The foundations for healthy living

Strategies to consider for the family

These are strategies which help parents to provide the foundations for a home life which supports healthy, unhurried growth for children. When these foundations are in place, they act as a buffer against stress and difficult circumstances in the child’s life, for example, learning difficulties which batter self-esteem, change of school, difficulties in friendships, bullying, separation of parents etc. They also support the family when the adults are in troubled times as well. While these are similar to many of the strategies suggested for younger children, they have a slightly different focus.

View/download pdf  Strategies

1998 02 Clayton

Strategy 1: Stay centred & cut down on stress & hurrying.

It is a characteristic feature of life today that many people are hurried, stressed and sleep deprived. Both physical and emotional stress affects our health, our feelings of wellbeing and our sleep. In addition, parenting is one of the most challenging tasks most of us ever do. It is not a task which can be walked away from when things get tough. Unfortunately children absorb and reflect our stress and our state of wellbeing. It is important, for their sake as well as our own, to consider what we can do to make our lives less stressed and less hurried so that we can increase the possibilities for enjoying the beauty of the moment. Consider the following:

  • Ask yourself what can you do to cut down on stress in your life for at least this transitional healing period. Prioritise. What can you let go of? Ask yourself if it really matters if you don’t do this? Can you say: ‘Let go’? What is important? What is urgent?
  • Consider your needs—what do you need in order to feel together and inwardly at peace? How can you give those things to yourself more often? Being mindful also empowers us, even within stressful situations.
  • Adult relationship stresses—for those in partnerships, especially if there is tension between you, it may help to negotiate a short personal sharing each day with each other. Three questions can help to deepen this sharing: What has been most important today? What has been most enjoyable? What came as an unexpected delight today?

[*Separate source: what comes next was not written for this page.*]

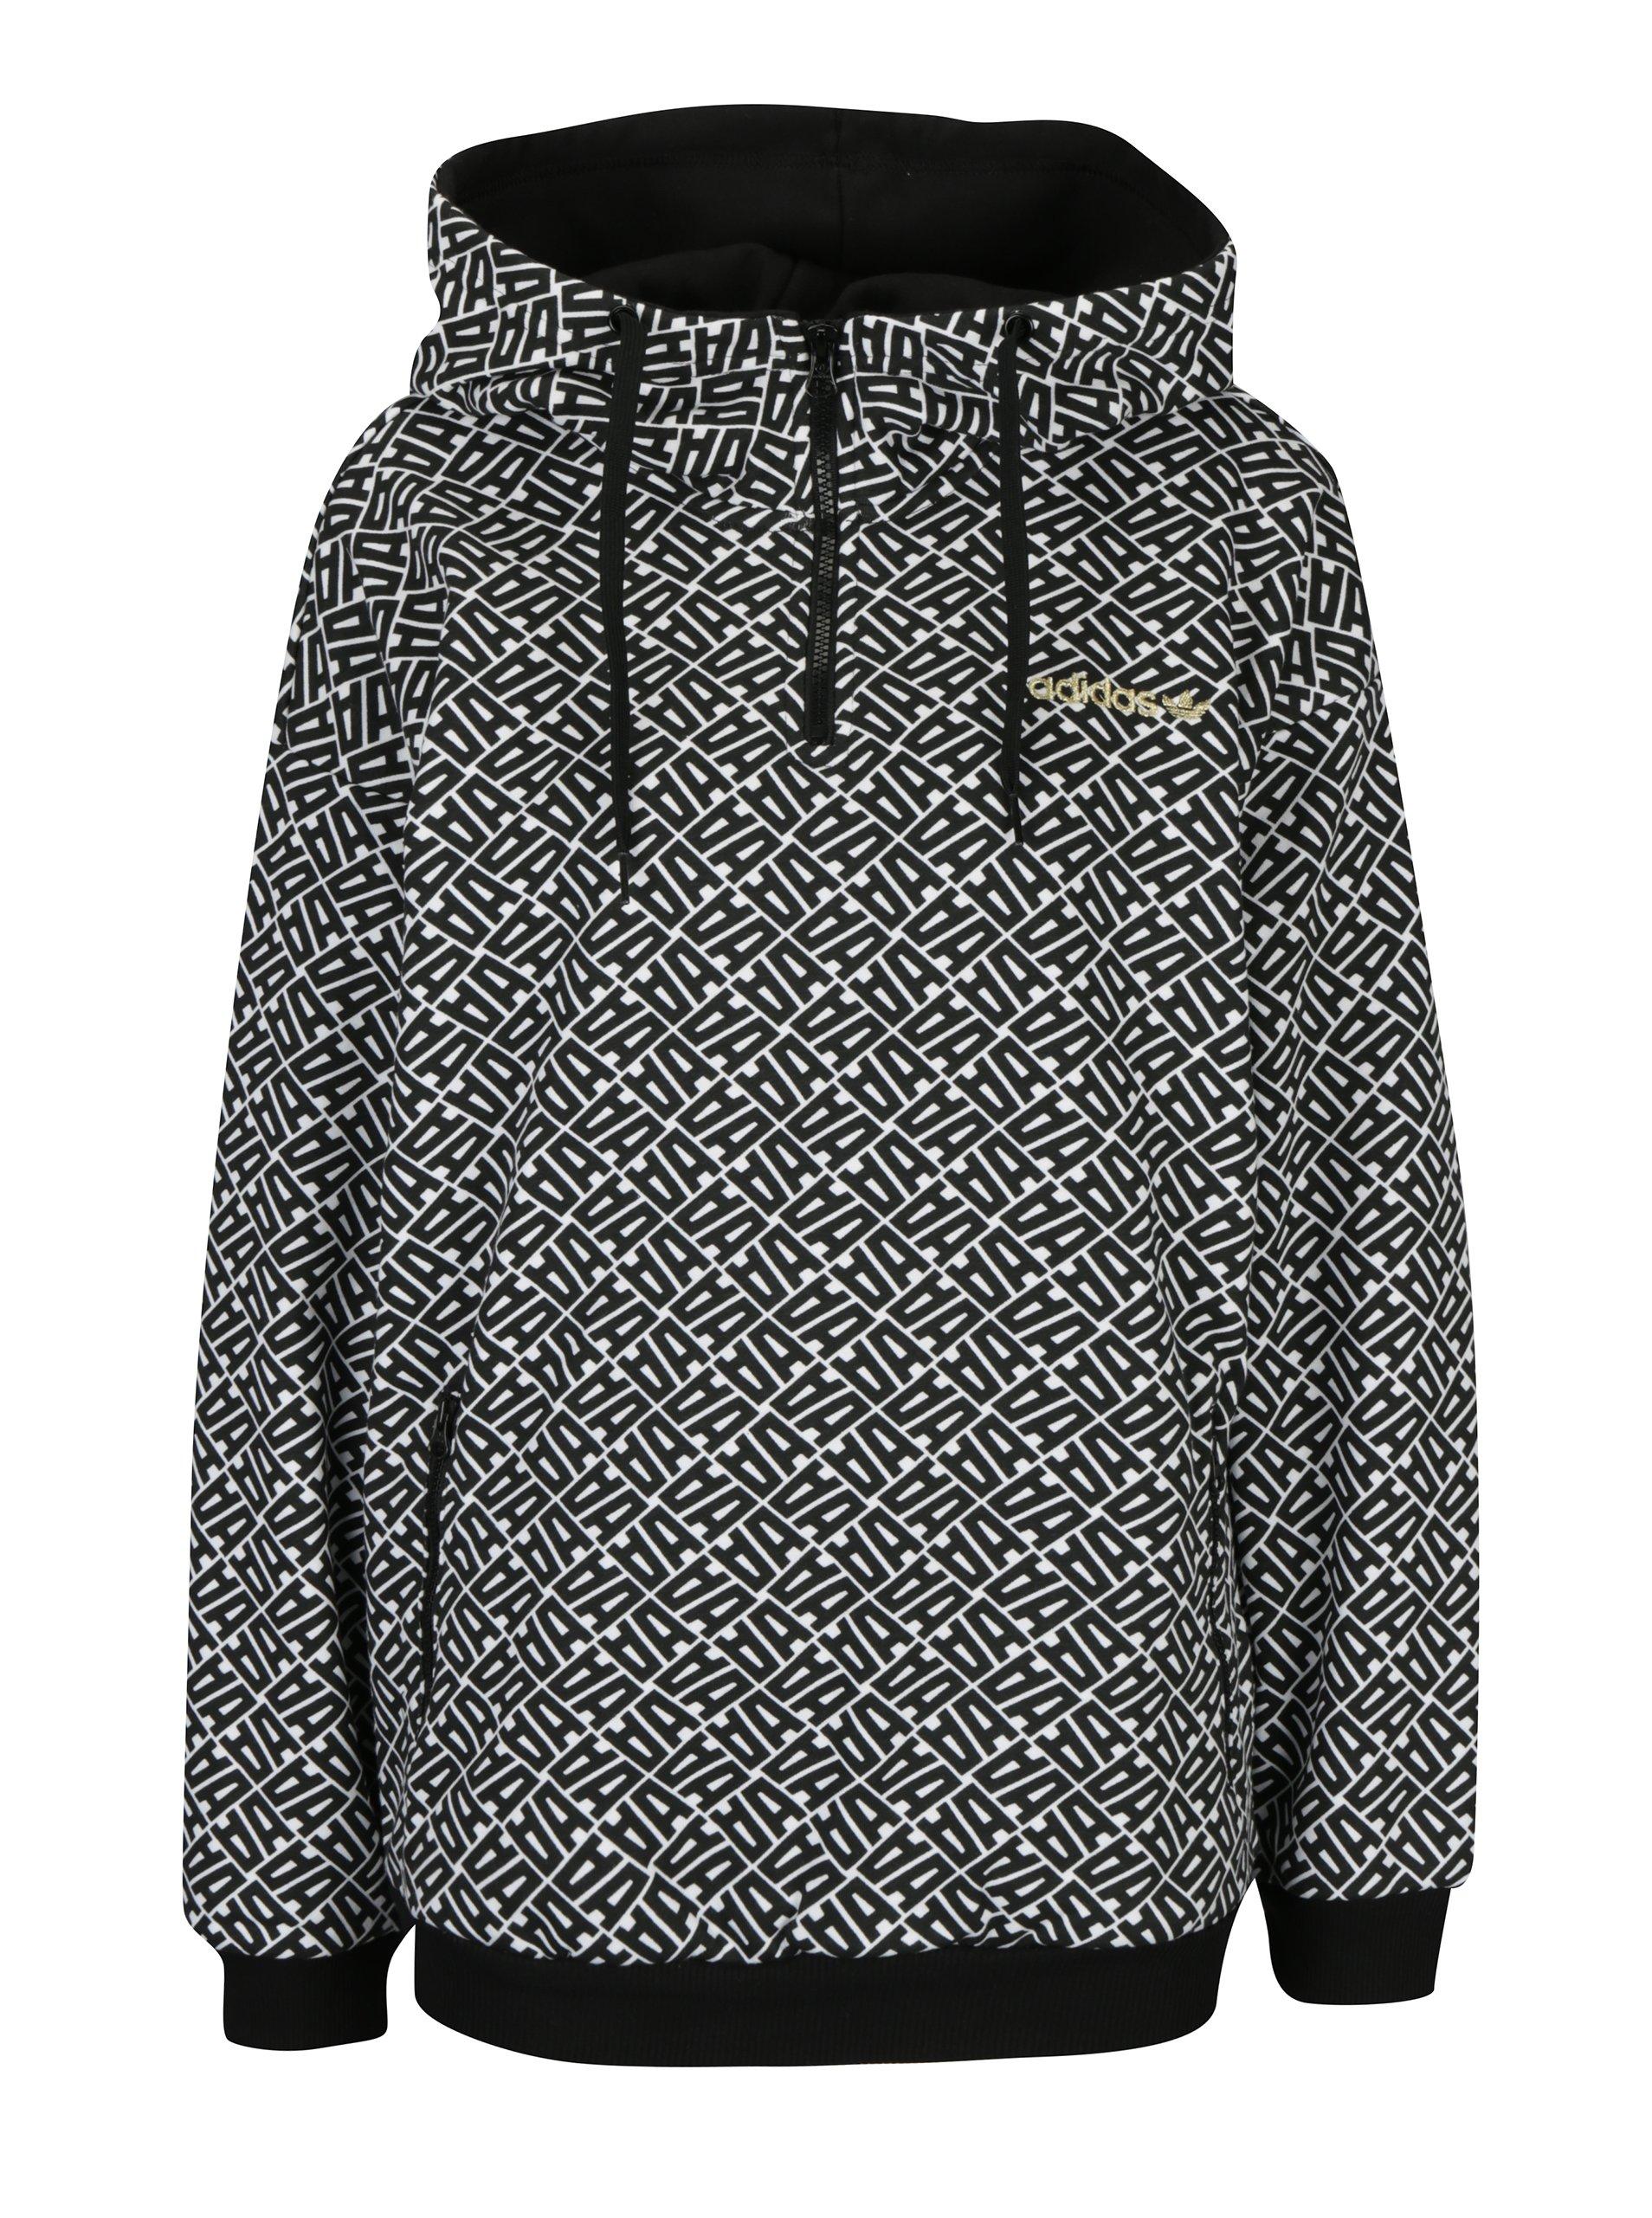 Bielo-čierna dámska vzorovaná mikina s kapucňou adidas Originals ... 0b5af0f6671

Strategy 2: Create a mood of love, respect & understanding

Love and respect in the family flourishes when the self esteem of adults and children is consciously nurtured. If your child is experiencing poor self esteem it can be indicated by associated behaviours including attention seeking, aggressiveness towards others, bullying, being bullied, lack of confidence, inability to love, trust, accept themselves or others etc.

Consider the following strategies to help nourish love, respect and self-esteem in your family right now:

  • Try to give unconditional love and understanding to each person in the family.
  • It helps to treat your children (and expect them to treat you and everyone in the family) with love, respect and politeness. This means no put-downs are acceptable.
  • Many parents have had success with giving “sacred time” to each child: this means shared time for you and one child with no interruptions (turn phones off if necessary). Even 15 minutes of this special time helps. Talk together, do things together. Let the child suggest what you could do. Bedtimes are good for this.
  • When the children are home, especially after school, children want parents to really be there for them. It helps to include them in your household work and listen to them. Again, particularly watch your use of your mobile phone which can, more easily than ever, intrude on your time together.
  • It helps in problem times, to very consciously surround your child with love. Conscious acknowledgement of a problem can be healing in itself.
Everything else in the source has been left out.